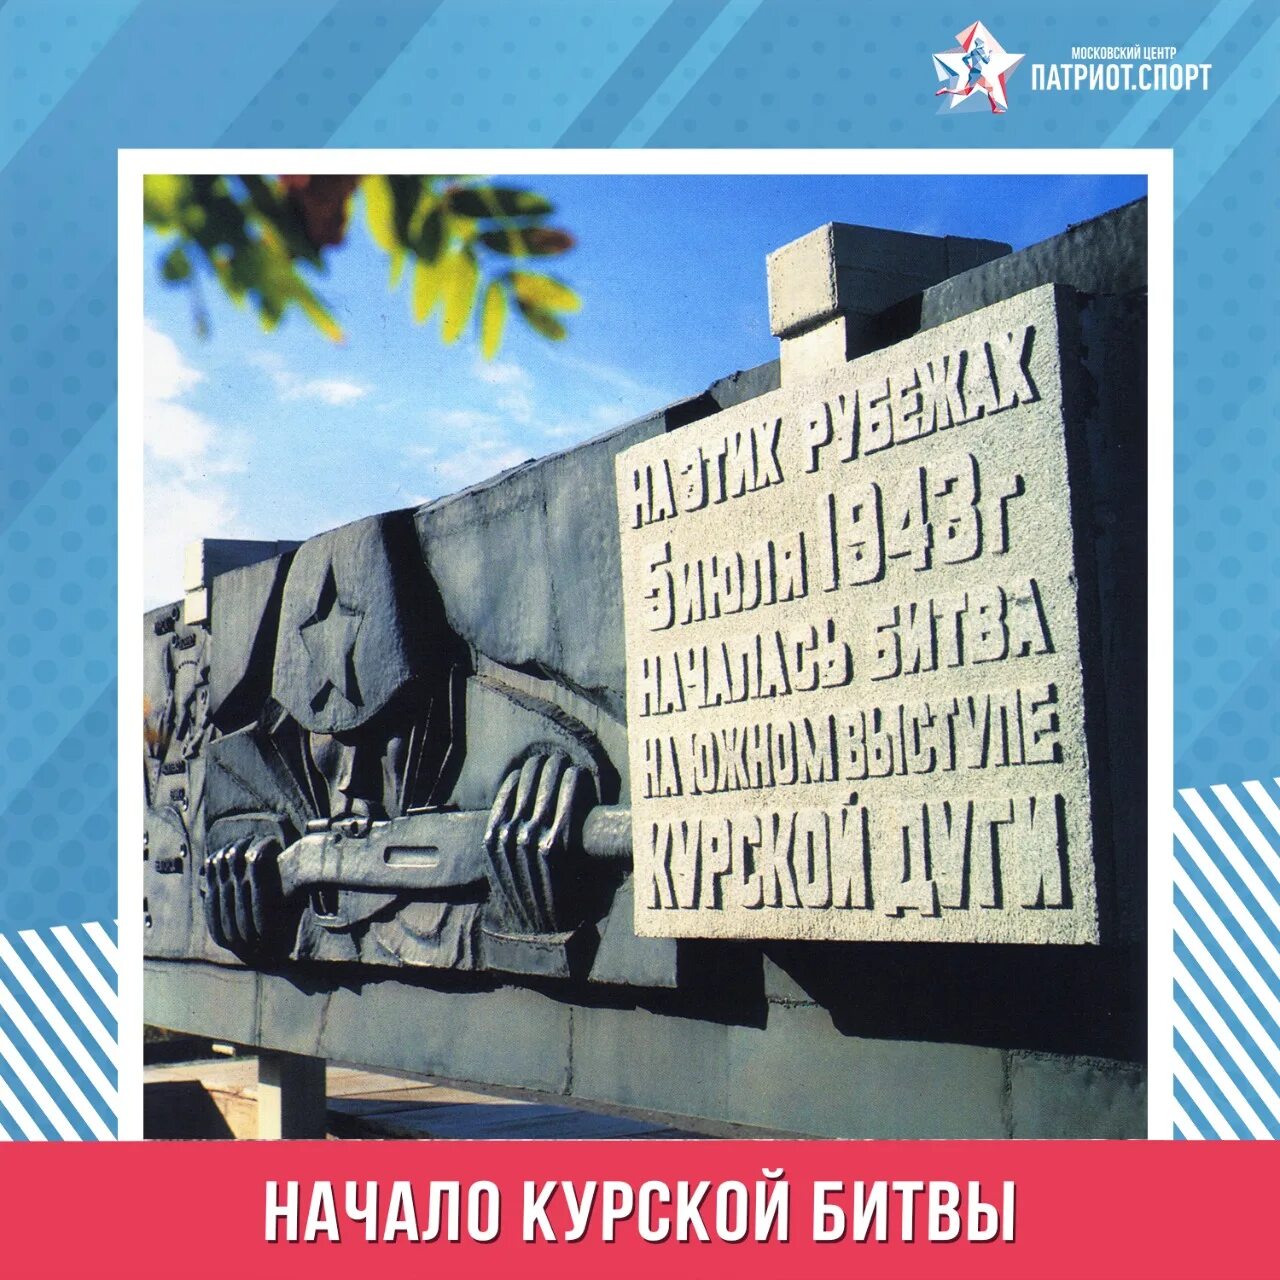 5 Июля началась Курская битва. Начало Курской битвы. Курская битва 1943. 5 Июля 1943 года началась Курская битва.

= = = =

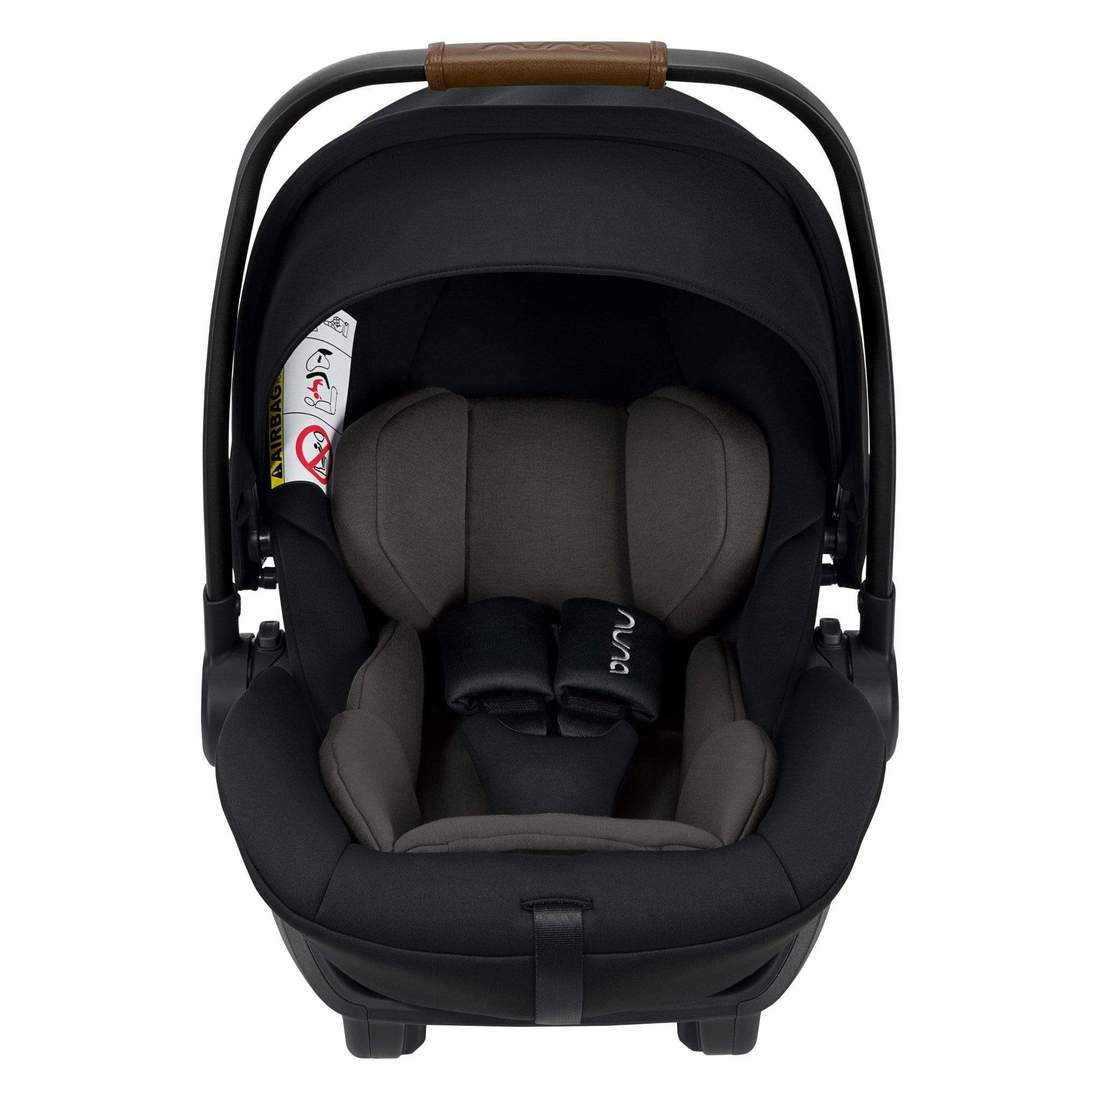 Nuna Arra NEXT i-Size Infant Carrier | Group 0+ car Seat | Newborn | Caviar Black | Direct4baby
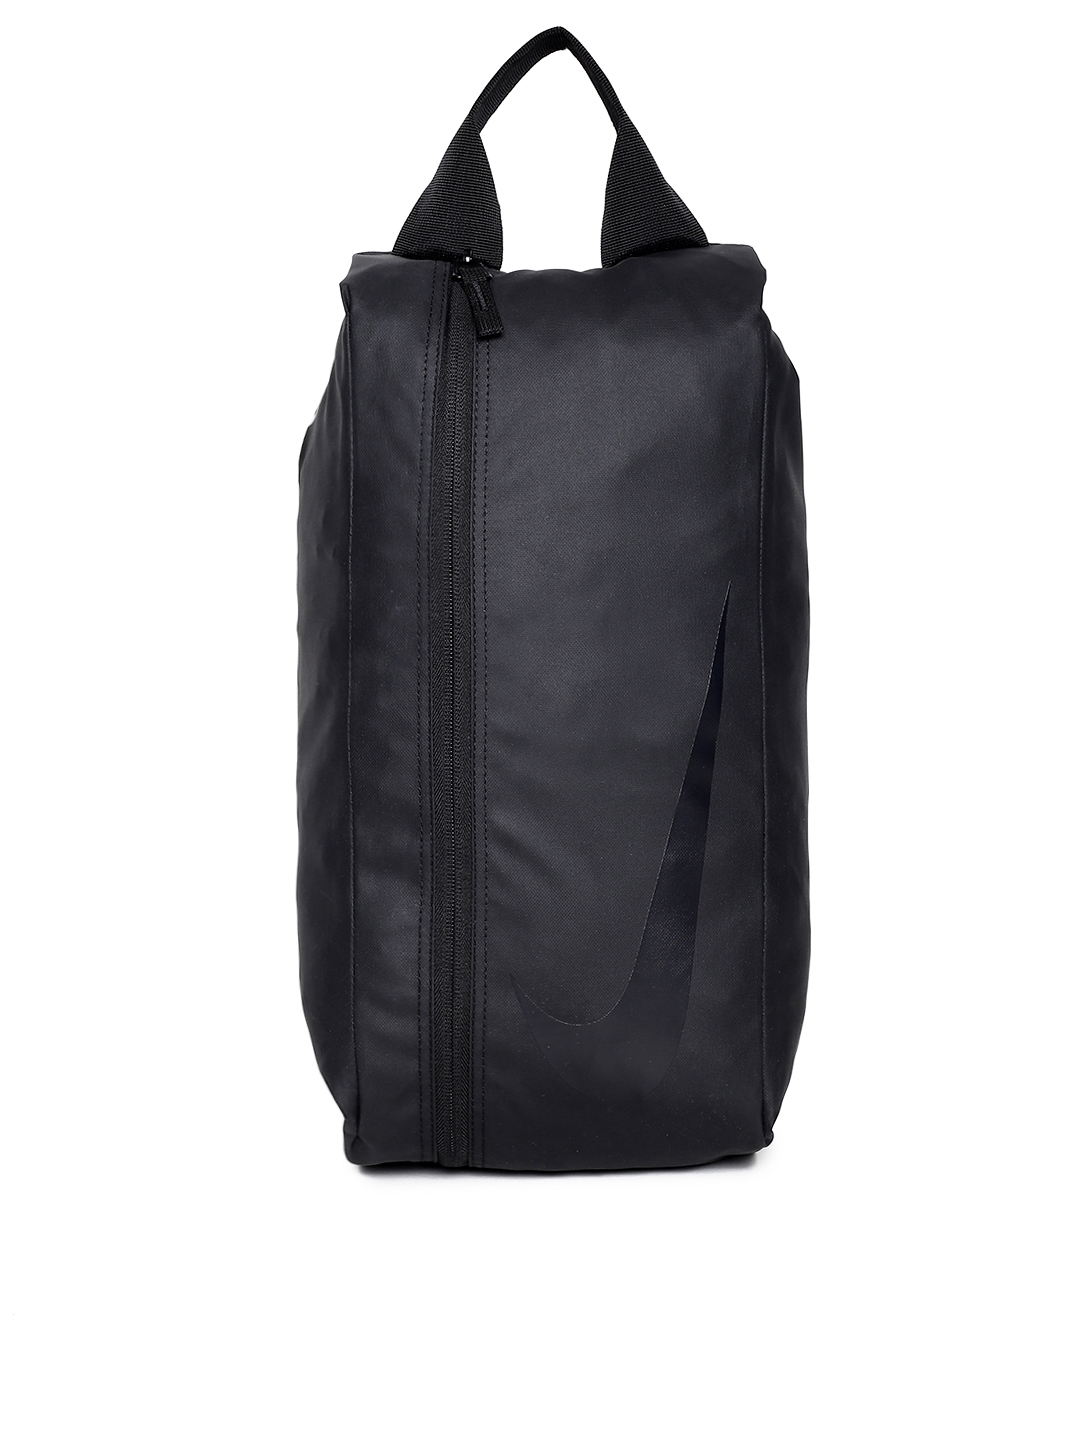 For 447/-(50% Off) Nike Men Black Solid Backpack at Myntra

= = = =

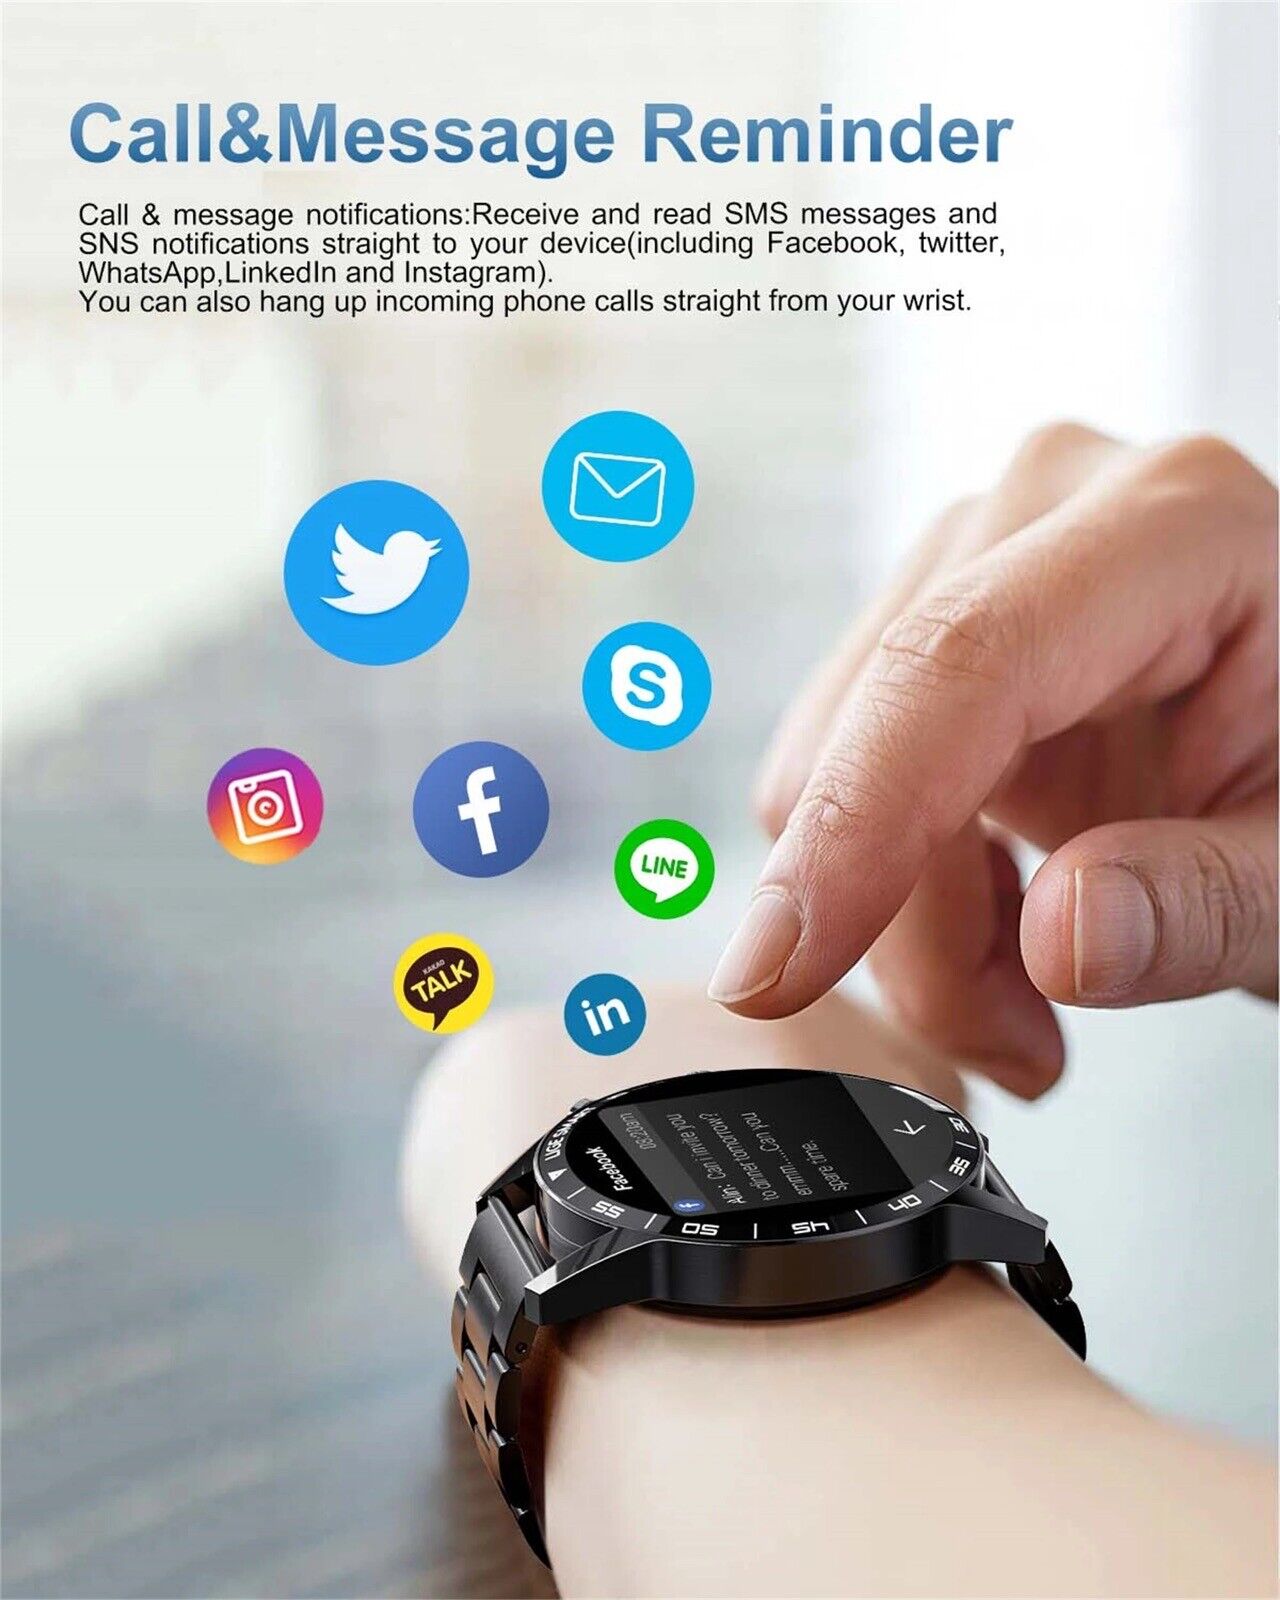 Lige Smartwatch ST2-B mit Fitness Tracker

= = = =

Your instructions> Copy the listing above exactly, but only from the line with "Nuna Arra NEXT" through the line with "For 447/-(50% Off)", including those two lines and excluding any picture.

Task output>
 Nuna Arra NEXT i-Size Infant Carrier | Group 0+ car Seat | Newborn | Caviar Black | Direct4baby
 For 447/-(50% Off) Nike Men Black Solid Backpack at Myntra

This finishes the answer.